The tradition of including clergy prayers at inaugurals has followed a complex path, with a gap spanning more than a century.
George Washington attended a chapel service as part of his official swearing-in, but the tradition didn't stick. Although worship services were often held surrounding the inauguration, prayer at the inaugural ceremony itself was abandoned until 1937, when President Franklin D. Roosevelt reinstated the practice.

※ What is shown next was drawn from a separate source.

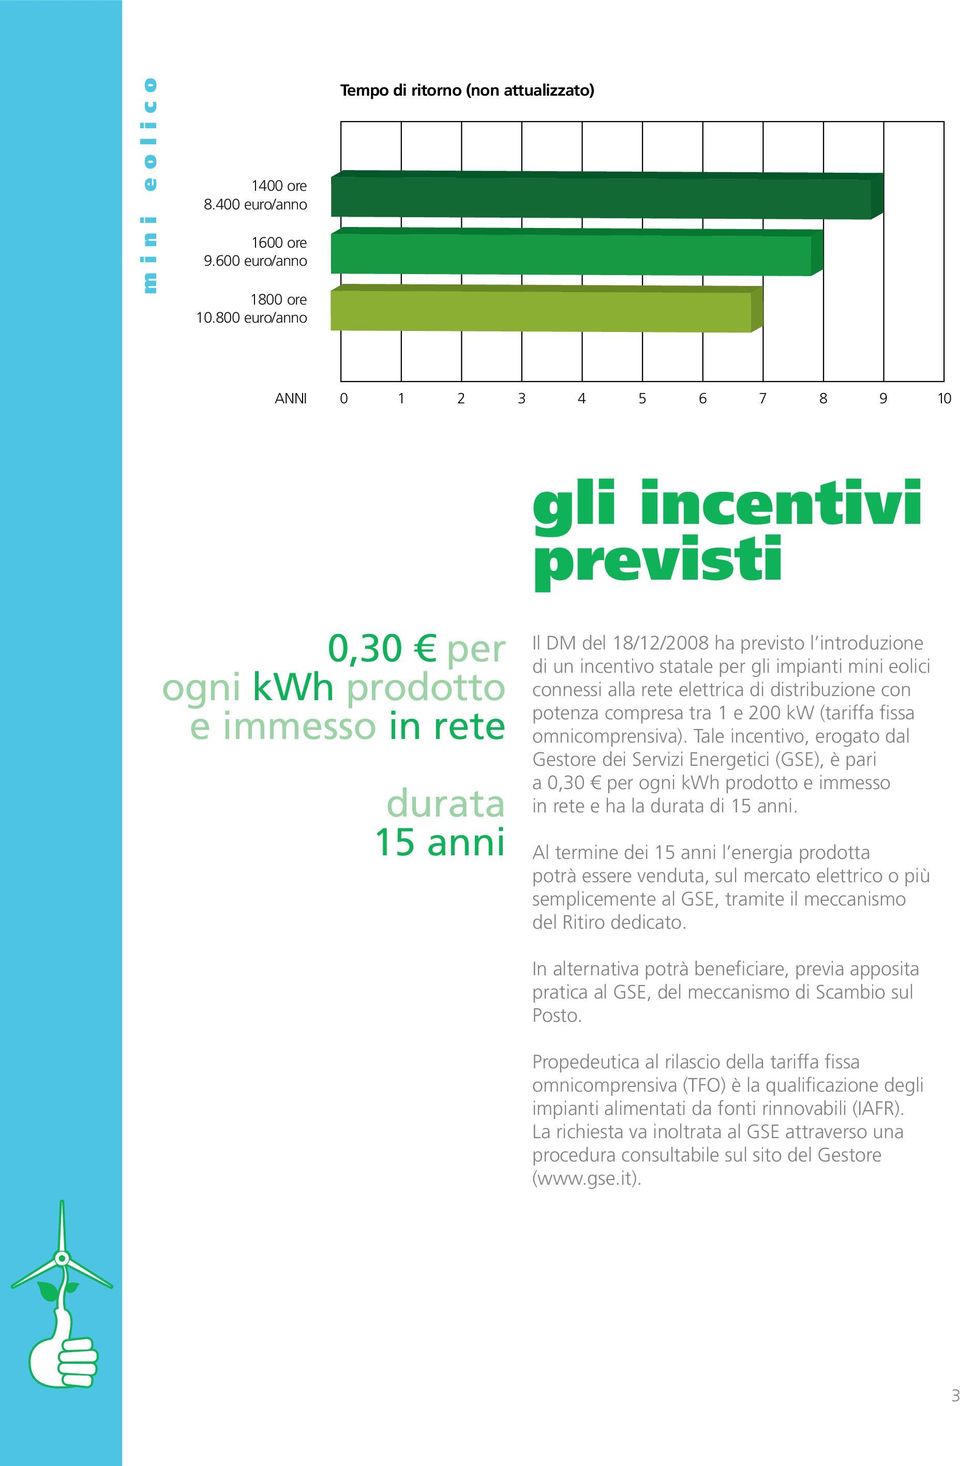 introduzione di un incentivo statale per gli impianti mini eolici connessi alla rete elettrica di distribuzione con potenza compresa tra 1 e 200 kw (tariffa fissa omnicomprensiva).

Roosevelt never unequivocally said why. But at the time, the popular Roman Catholic radio priest, the Rev. Charles Coughlin, had been attacking the president, arguing the New Deal helped banks, not American citizens. Another prominent priest, the Rev. John Ryan, publicly defended Roosevelt and the president asked him to offer an inaugural prayer, apparently as thanks for his loyalty, according to Martin Medhurst, a Baylor University political scientist who has researched inaugural prayer.
Roosevelt balanced the ticket religiously by including a Protestant clergyman to reflect the American religious majority.
Over the next few decades, presidents chose a combination of clergy from a cross-section of major American religions. Along with a Protestant and Roman Catholic, Harry Truman added a rabbi. A Greek Orthodox churchman was later featured. In 1969, Richard Nixon included a leader of the historically black African Methodist Episcopal Zion Church.
But just as the podium had grown crowded with clerics, the presidents-elect began to scale back. And since 1989, at the inaugural of George H.W. Bush, the honor has been bestowed exclusively on Protestants. The Rev. Billy Graham, known as "America's pastor," was the most frequent celebrant.
On Inauguration Day, another clear sign of the times will be found in a hotel away from official events. "The Presidential Inaugural Prayer Breakfast" will feature the Rev. Pat Robertson, Minnesota Rep. Michele Bachmann, Missouri Sen. Roy Blunt and others. The keynote speaker is expected to discuss the prophetic destiny of America.